An exercise in the obscure : how history is constructed on the Canterbury Roll (2021)
Type of ContentTheses / Dissertations
Degree NameMaster of Arts
PublisherUniversity of Canterbury
The central aim of this thesis is to understand how history was constructed on the fifteenth-century genealogical roll, Canterbury MS1, which is held at the University of Canterbury. The Roll traverses biblical history/mythology, Graeco-Roman mythology, British mythology, and history more contemporary to the Roll. It is the earlier parts of the manuscript, however, which this thesis is more interested in. Extant medieval scholarship is yet to recognise the value in disseminating the biblical and early material on rolls and universal chronicles. The present study, however, shows that much can be learned by applying a focused approach to the obscure material, looking primarily on the Roll-maker’s intentions in portraying certain events. This analysis looks at the Roll through three themes: empire, origins of people, and geography.
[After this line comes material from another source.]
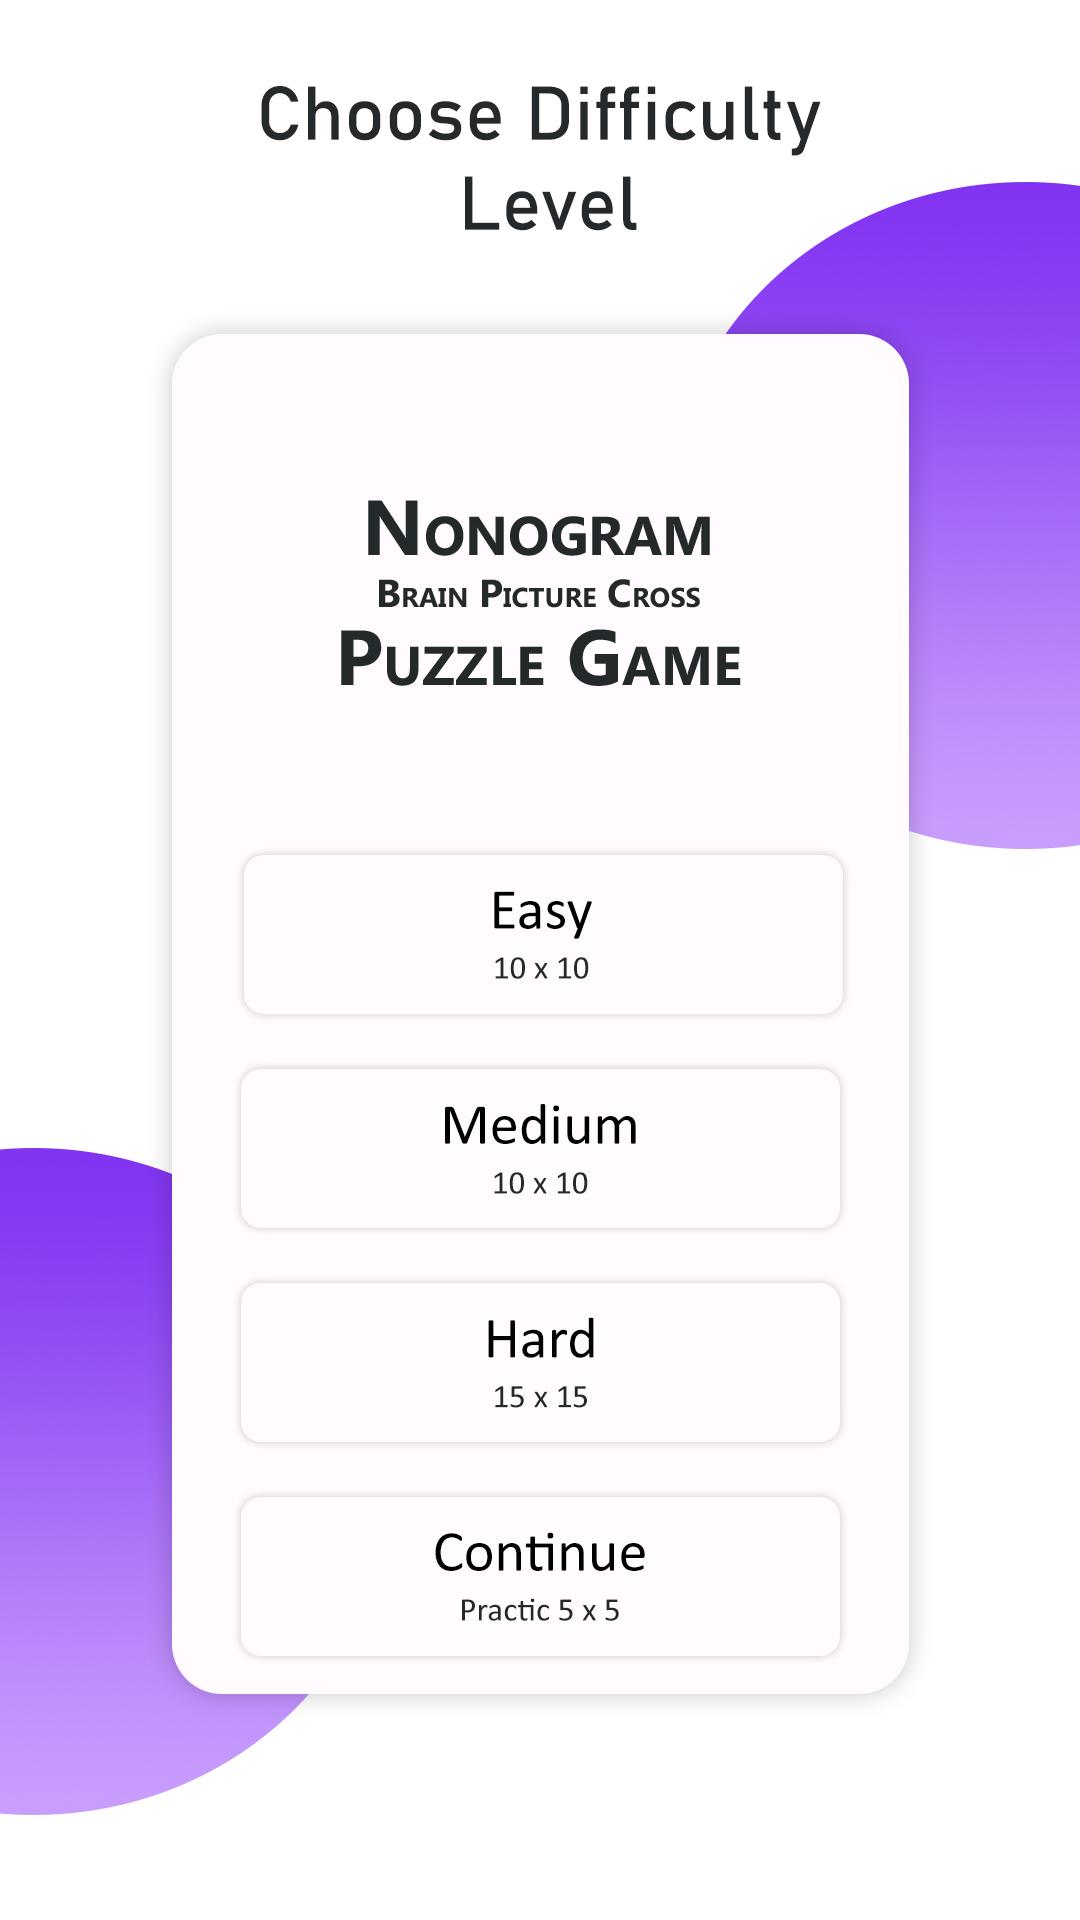 Nonogram Brain Picture Cross Puzzle Game

In doing this, previously unknown insights into the Roll’s construction will be gained, revealing new sources and idiosyncrasies in the representation of certain periods of history. This study reveals that the construction of history on the Roll, although eclectic and contradictory, demonstrates a distinct and intentional thought process from the Roll-maker. By undertaking this analysis, this thesis demonstrates that an exercise in the obscure is worth engaging in.